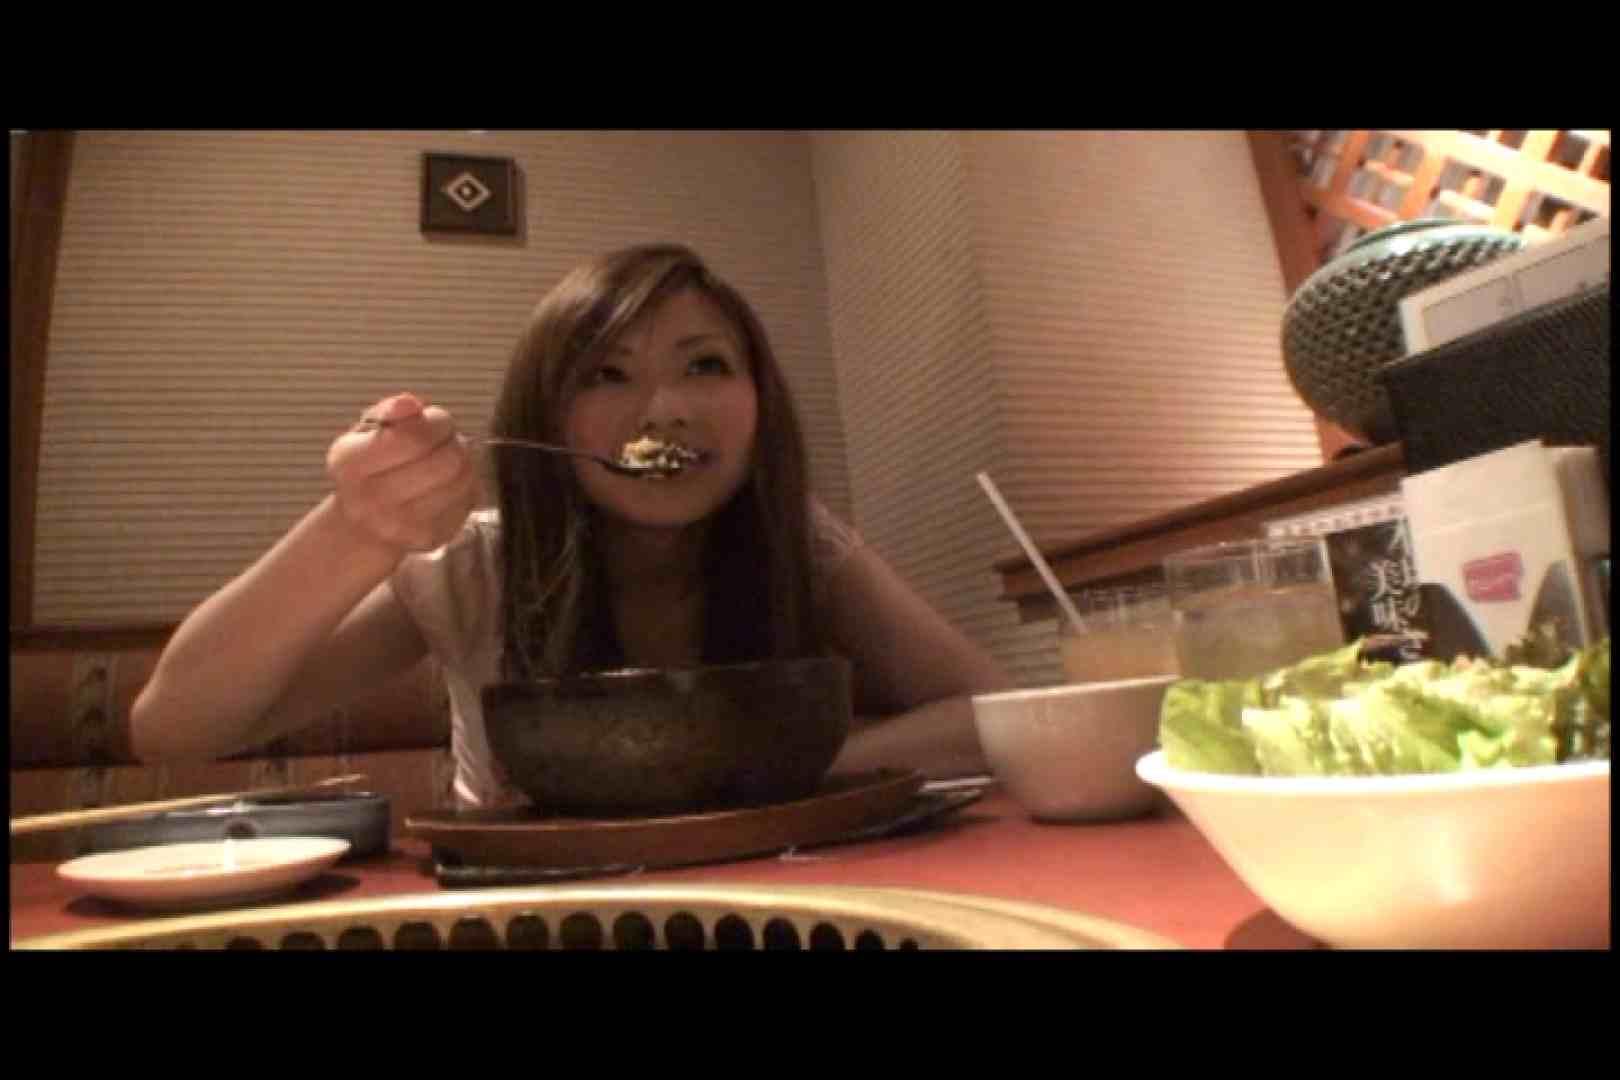 JDハンター全国ツアー vol.052 前編 女子大生のエロ動画 | 0  110PIX 31
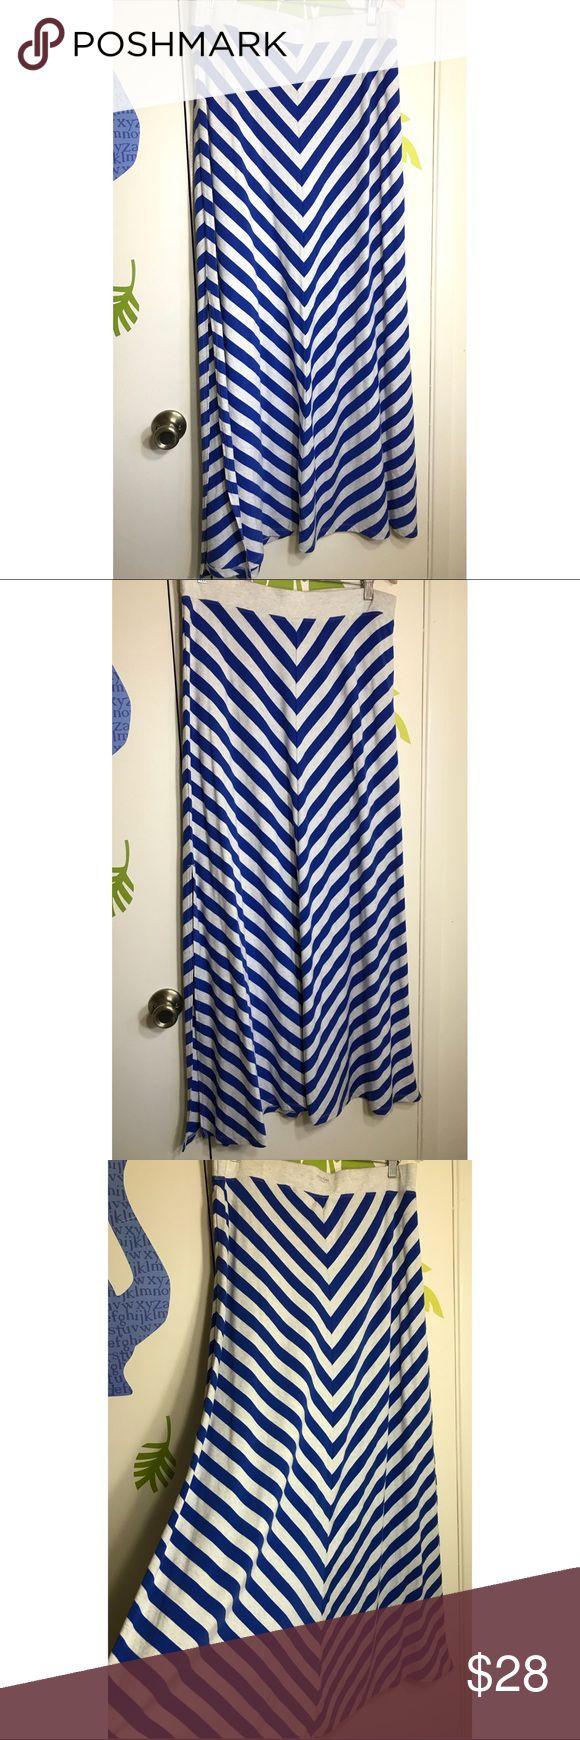 "Calvin Klein Maxi Skirt Size XL Blue Gray Chevron New with tags. Size XL. Measurements laying flat Waist 17"", length 41"" Calvin Klein Skirts Maxi"
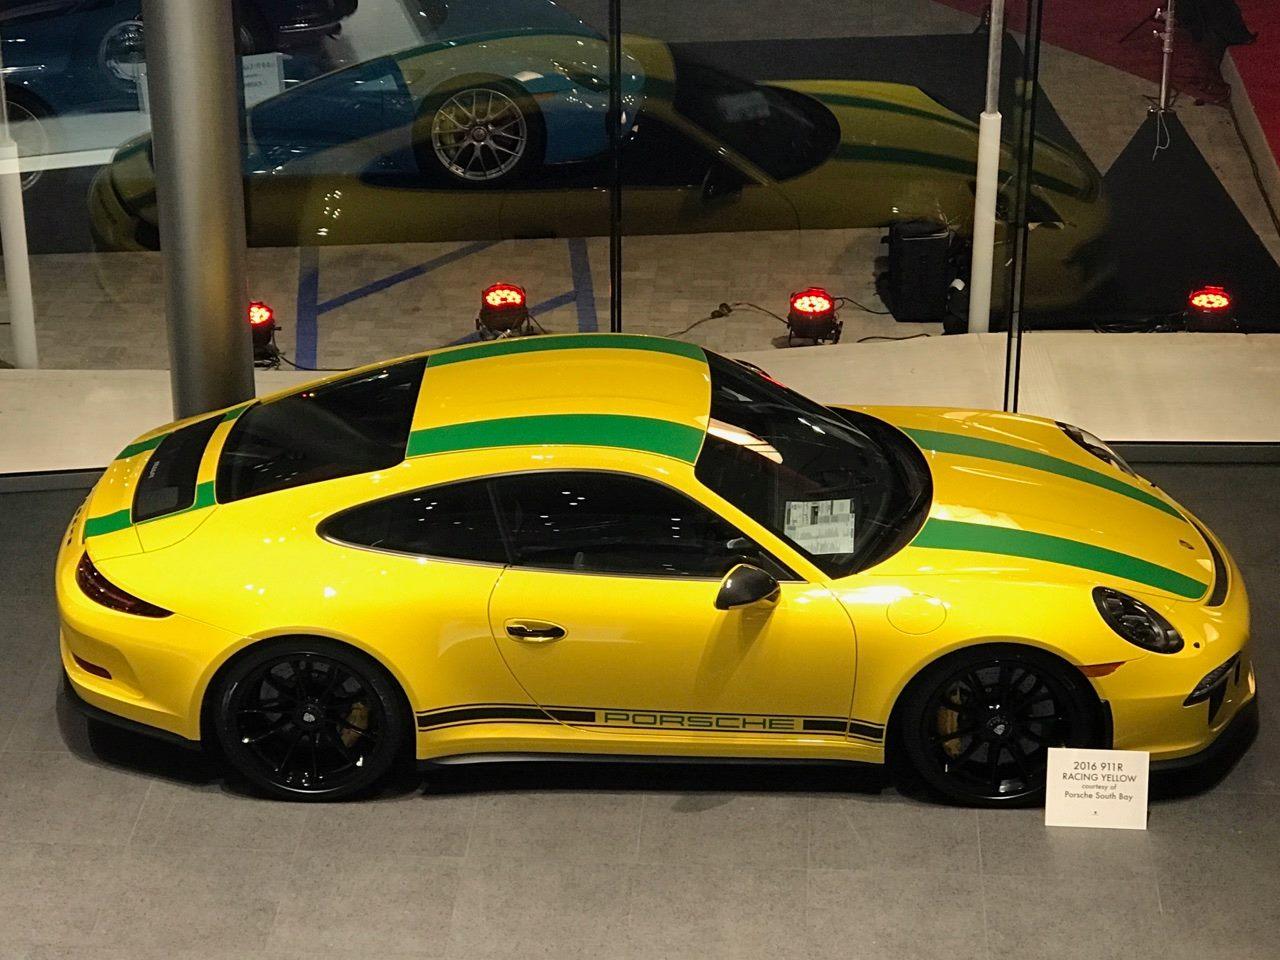 Porsche Vintage Seats >> Special Racing Yellow Porsche 911 R - Tribute to Ayrton Senna - GTspirit
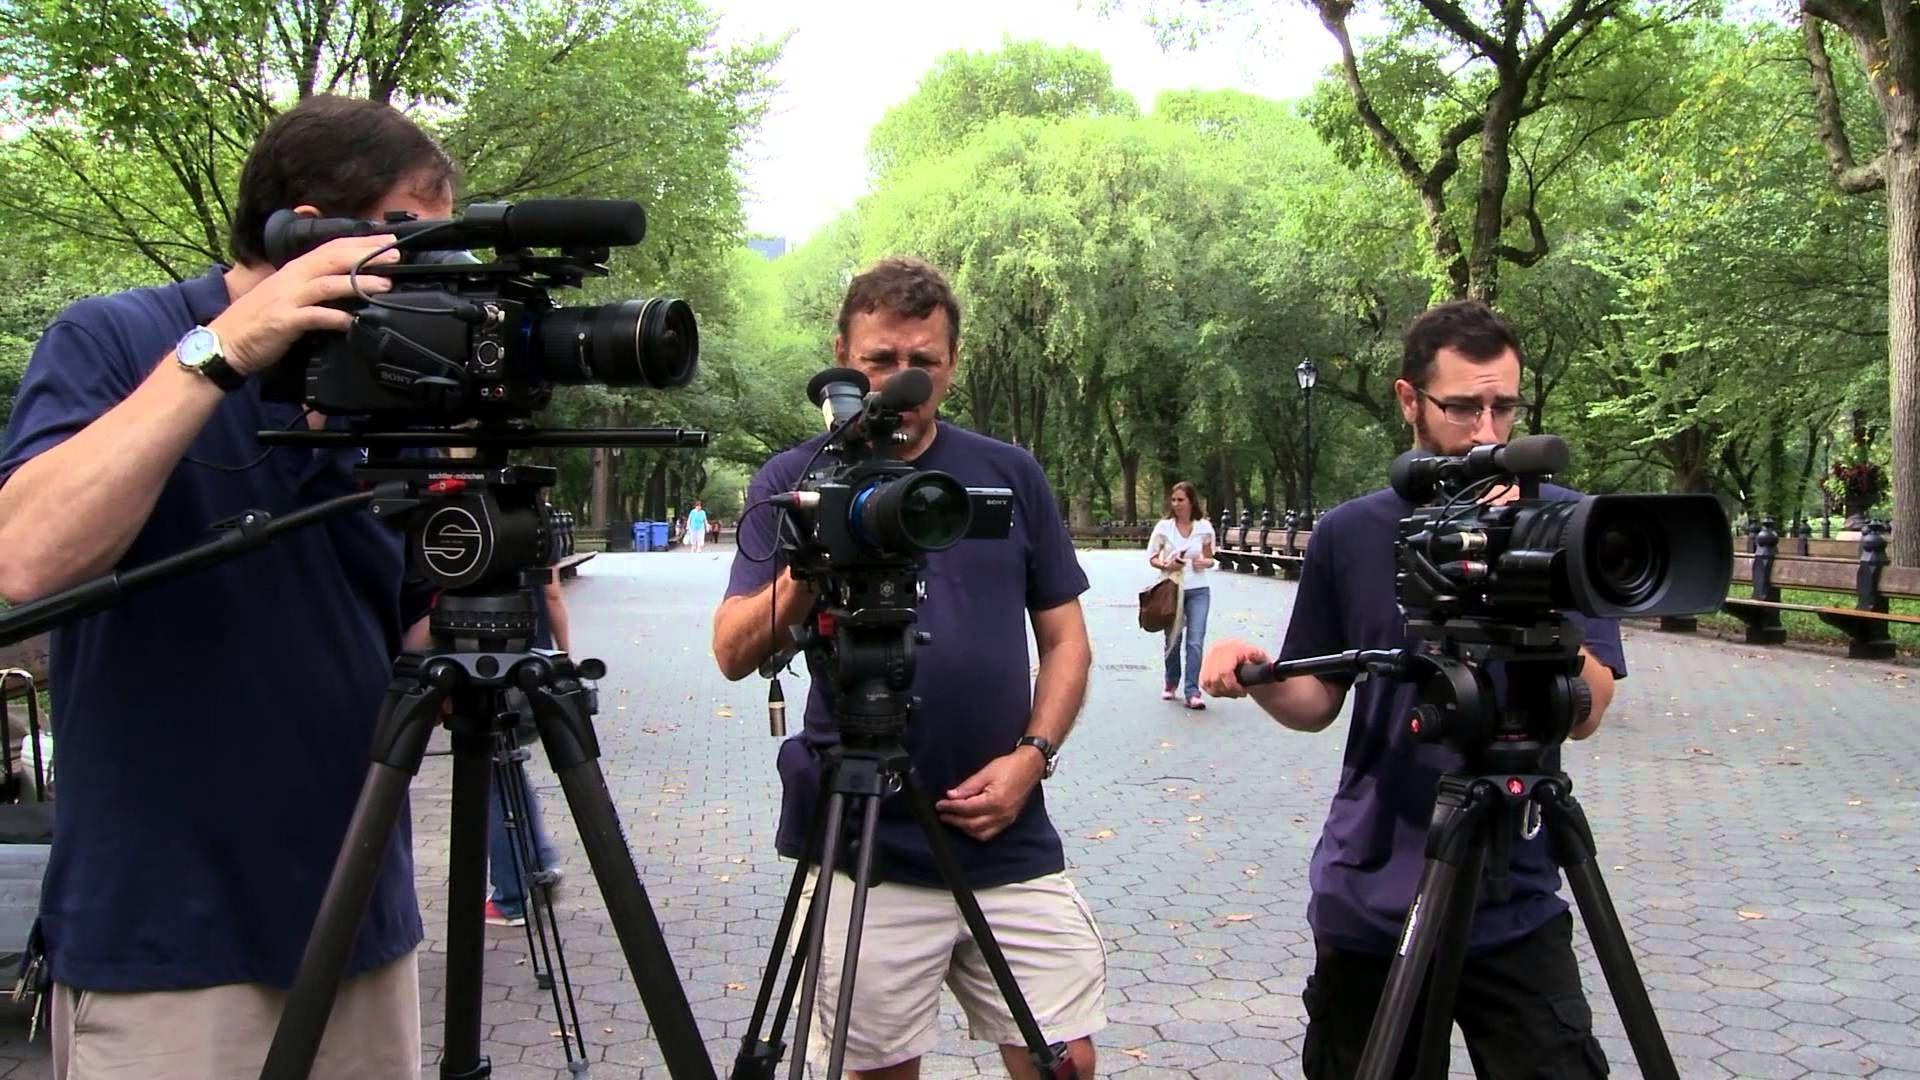 Multicamera Video Shoot Basics Match It Up

Task objective - Return the listing verbatim, pictures excluded.

Reply -
 JDハンター全国ツアー vol.052 前編 女子大生のエロ動画 | 0  110PIX 31
 "Calvin Klein Maxi Skirt Size XL Blue Gray Chevron New with tags. Size XL. Measurements laying flat Waist 17"", length 41"" Calvin Klein Skirts Maxi"
 Porsche Vintage Seats >> Special Racing Yellow Porsche 911 R - Tribute to Ayrton Senna - GTspirit
 Multicamera Video Shoot Basics Match It Up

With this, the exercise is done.